■ RECORDS SHOWN:

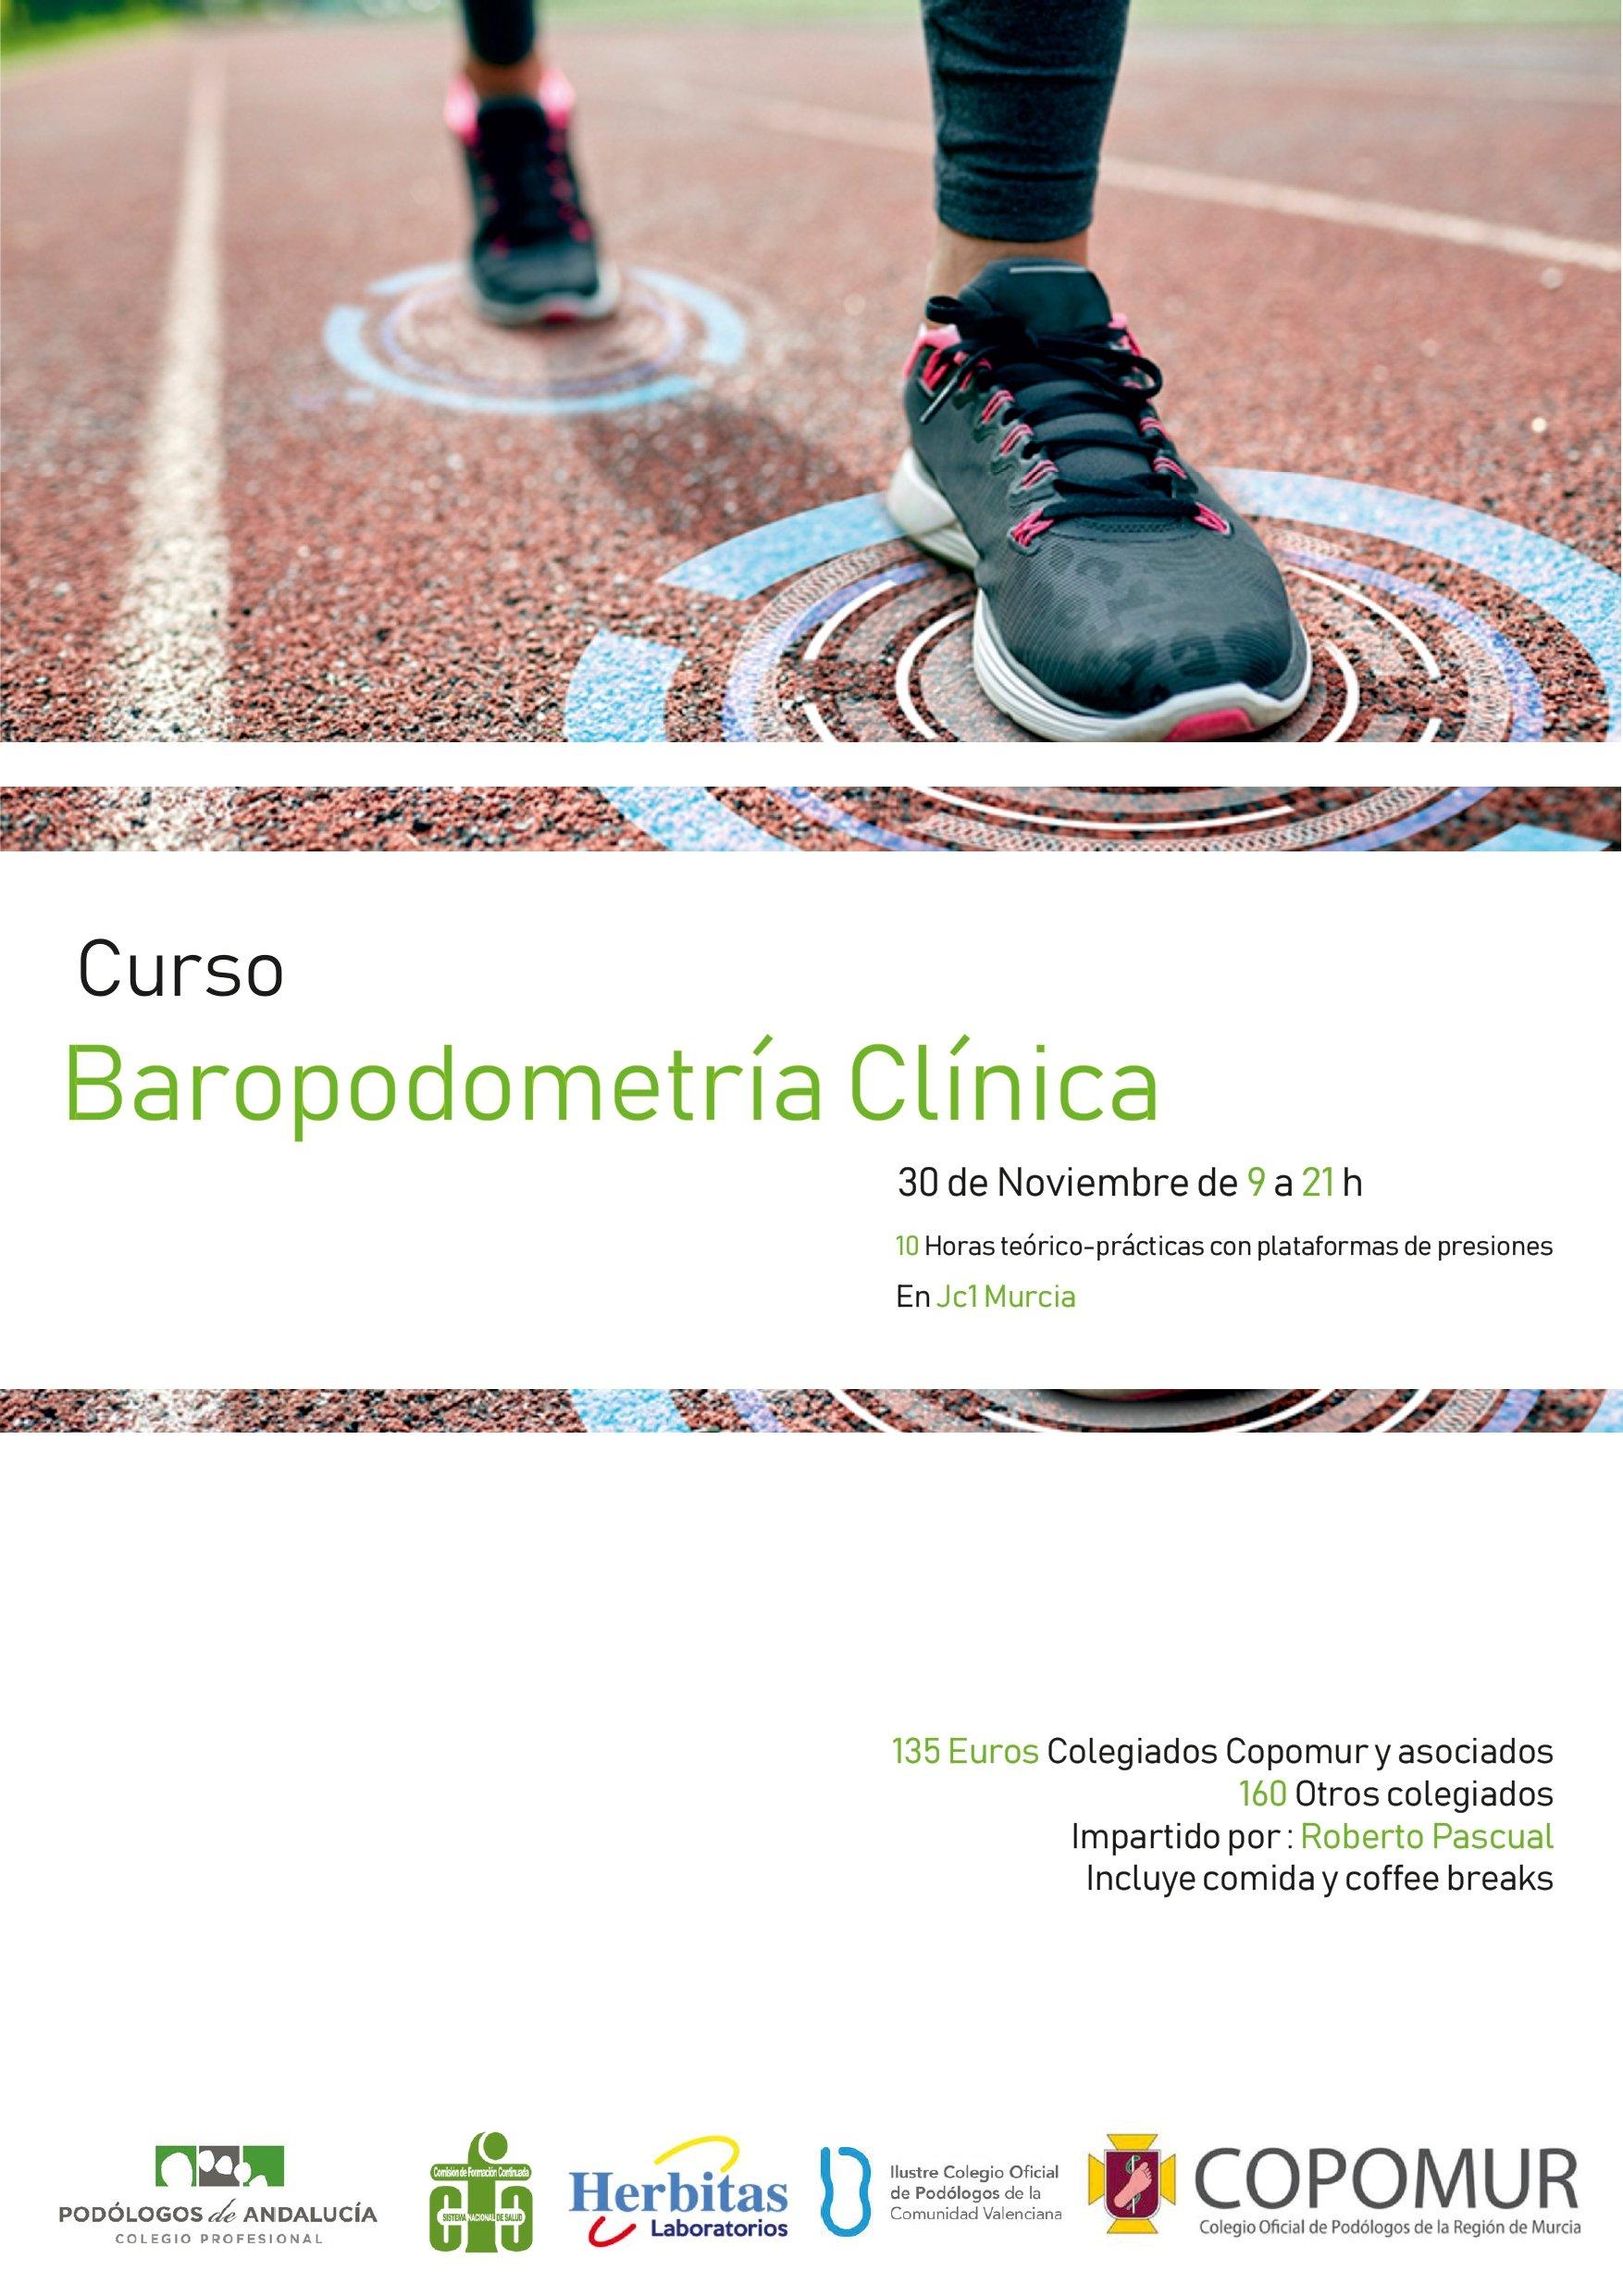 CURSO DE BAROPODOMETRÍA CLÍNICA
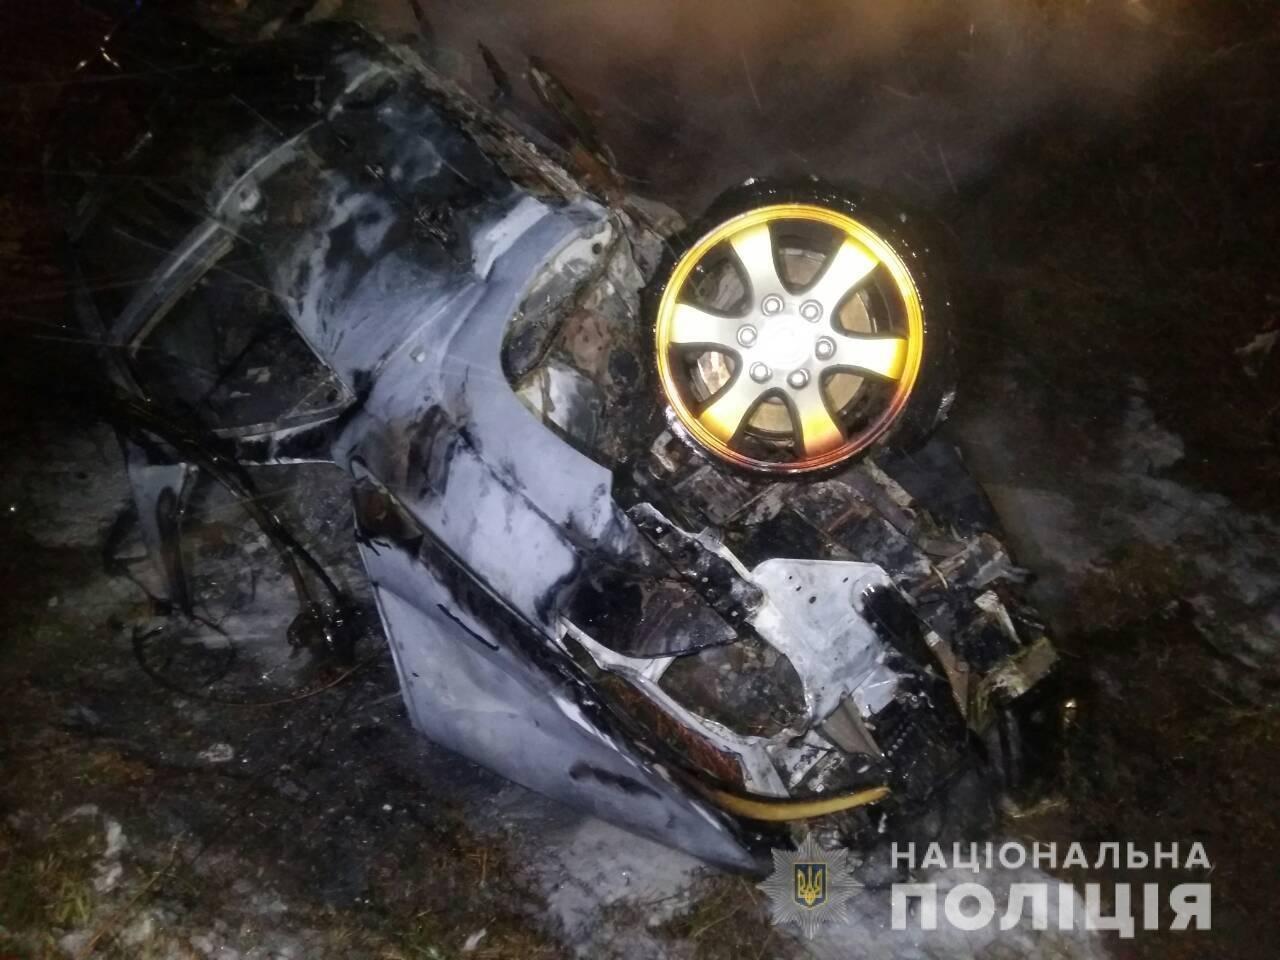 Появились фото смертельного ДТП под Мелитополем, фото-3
...
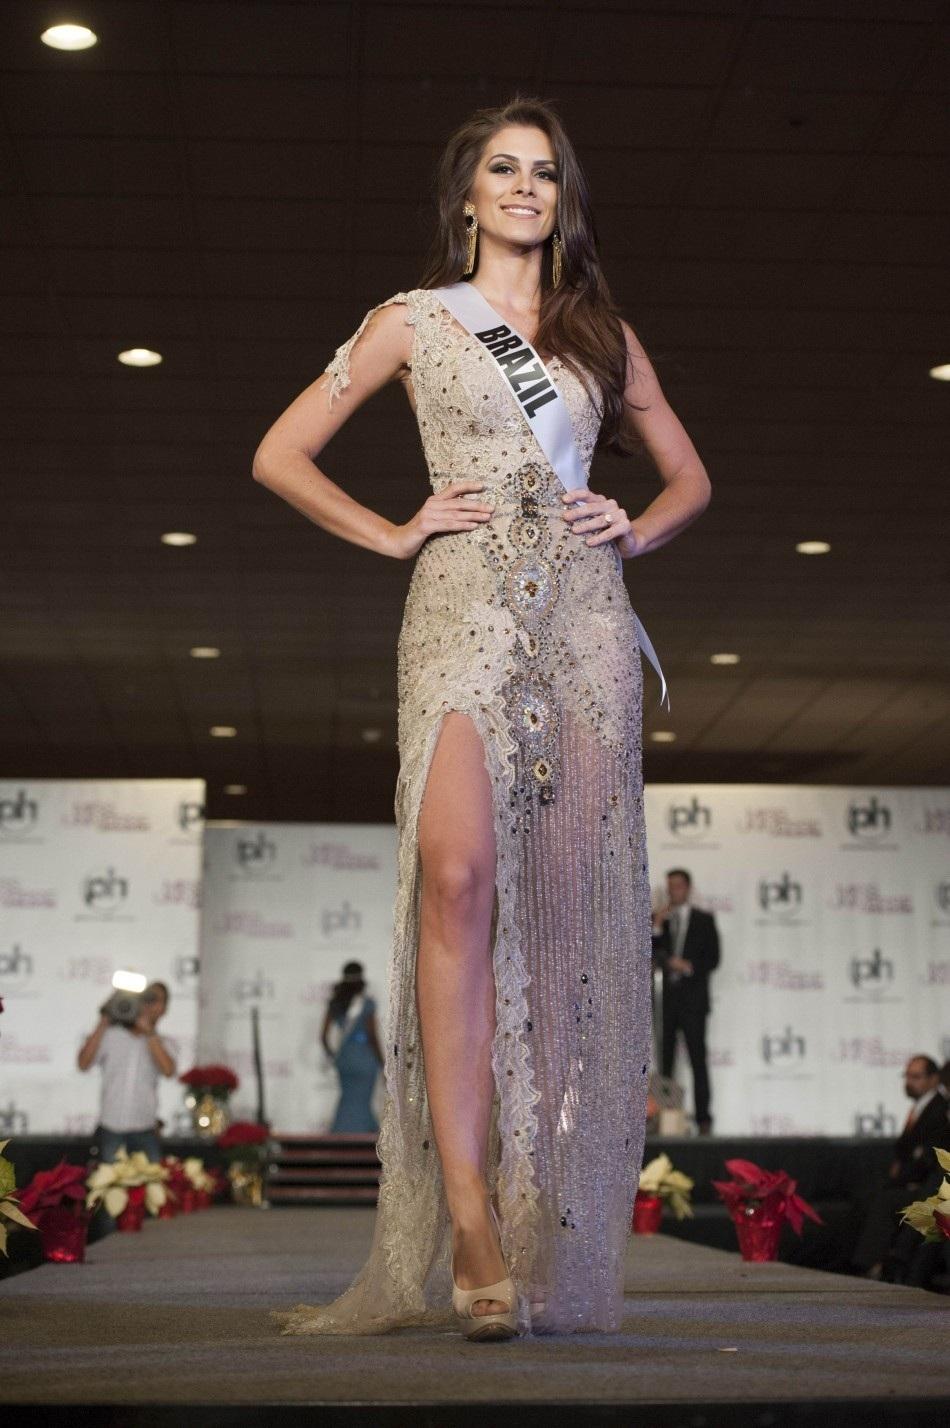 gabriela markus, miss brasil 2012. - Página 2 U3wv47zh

■ AIM OF THE TASK:
Give again, exactly as written above, each line from the one that has "CURSO DE BAROPODOMETRÍA CLÍNICA" to the one that has "Появились фото смертельного", both included; omit the pictures.

■ EXERCISE OUTPUT:
 CURSO DE BAROPODOMETRÍA CLÍNICA
 Появились фото смертельного ДТП под Мелитополем, фото-3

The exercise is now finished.